As early as the Warring States period more than two thousand years ago, the Central Plains region hung "peach stalks" on the Spring Festival, also known as "peach symbols". Fu Cha Dunchong's "Yanjing Years" in Qing Dynasty recorded: "Spring Festival couplets are also in Fu Tao." The relationship between Spring Festival couplets and Taofu can also be seen from the traditional Spring Festival couplets, such as "firecrackers to get rid of the old, Taofu to get back", and Wang Anshi's poem "Every family always trades new peaches for the old ones".
In the Song Dynasty, couplets were not only engraved on peach symbols, but also used on pillars, which were later called "couplets". In the Ming Dynasty, "Fu Tao" was really called "Spring Festival couplets". According to Chen, a scholar in the Ming Dynasty, "When public officials or scholars are at home, they must put up Spring Festival couplets at the door so that the emperor can go out."
Tradition of couplets
Couplets, also known as antithesis, door-to-door, spring stickers, Spring Festival couplets, couplets and so on. It is a antithesis written on paper, cloth or carved on bamboo, wood and columns. The antithesis of couplets is neat and even, which is a unique artistic form of Chinese. Couplets are the treasures of China traditional culture.

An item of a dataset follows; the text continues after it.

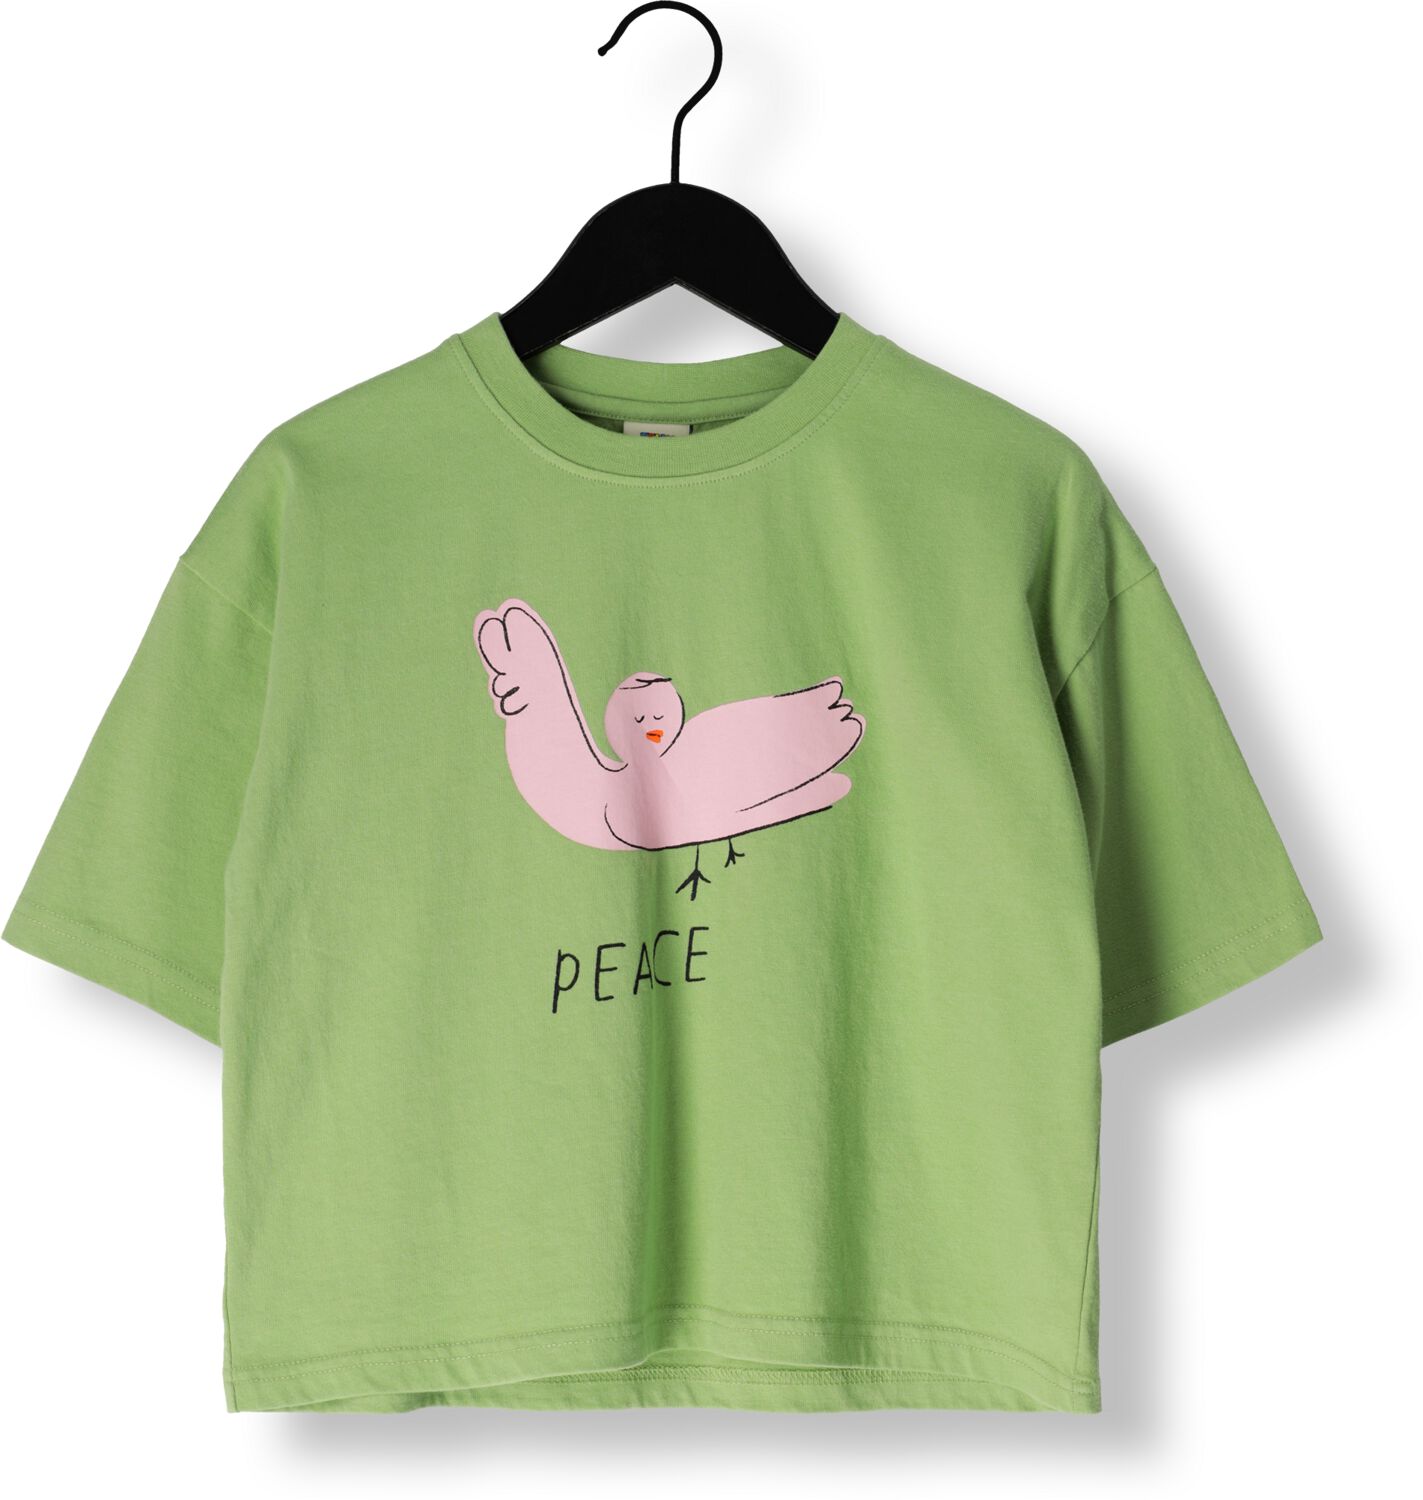 Jelly Mallow Meisjes Tops & T-shirts Peace T-shirt Groen-11Y
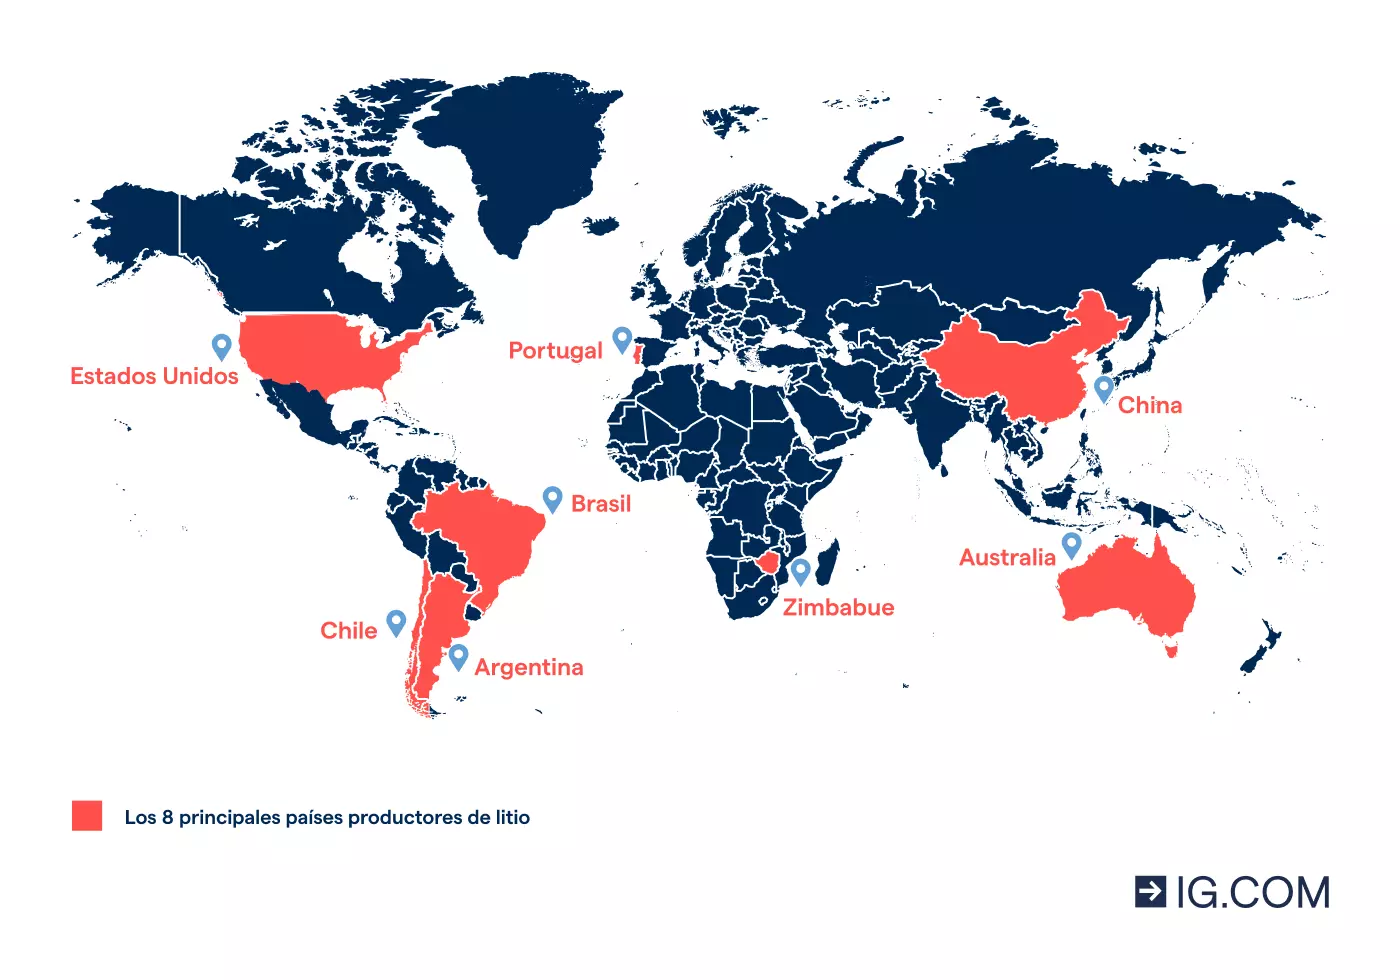 Imagen del mapa mundial en el que se señalan los 8 principales países productores de litio del mundo.

The ancients posted the word "Yichun" more and more at the beginning of spring, and later it gradually developed into Spring Festival couplets, expressing the good wishes of the working people in China to ward off evil spirits and avoid disasters, and to welcome the good fortune. Couplets are antithetical sentences written on paper, cloth or engraved on bamboo, wood and columns. It is a unique art form of Chinese, concise and profound, neat and even, with the same number of words and the same structure.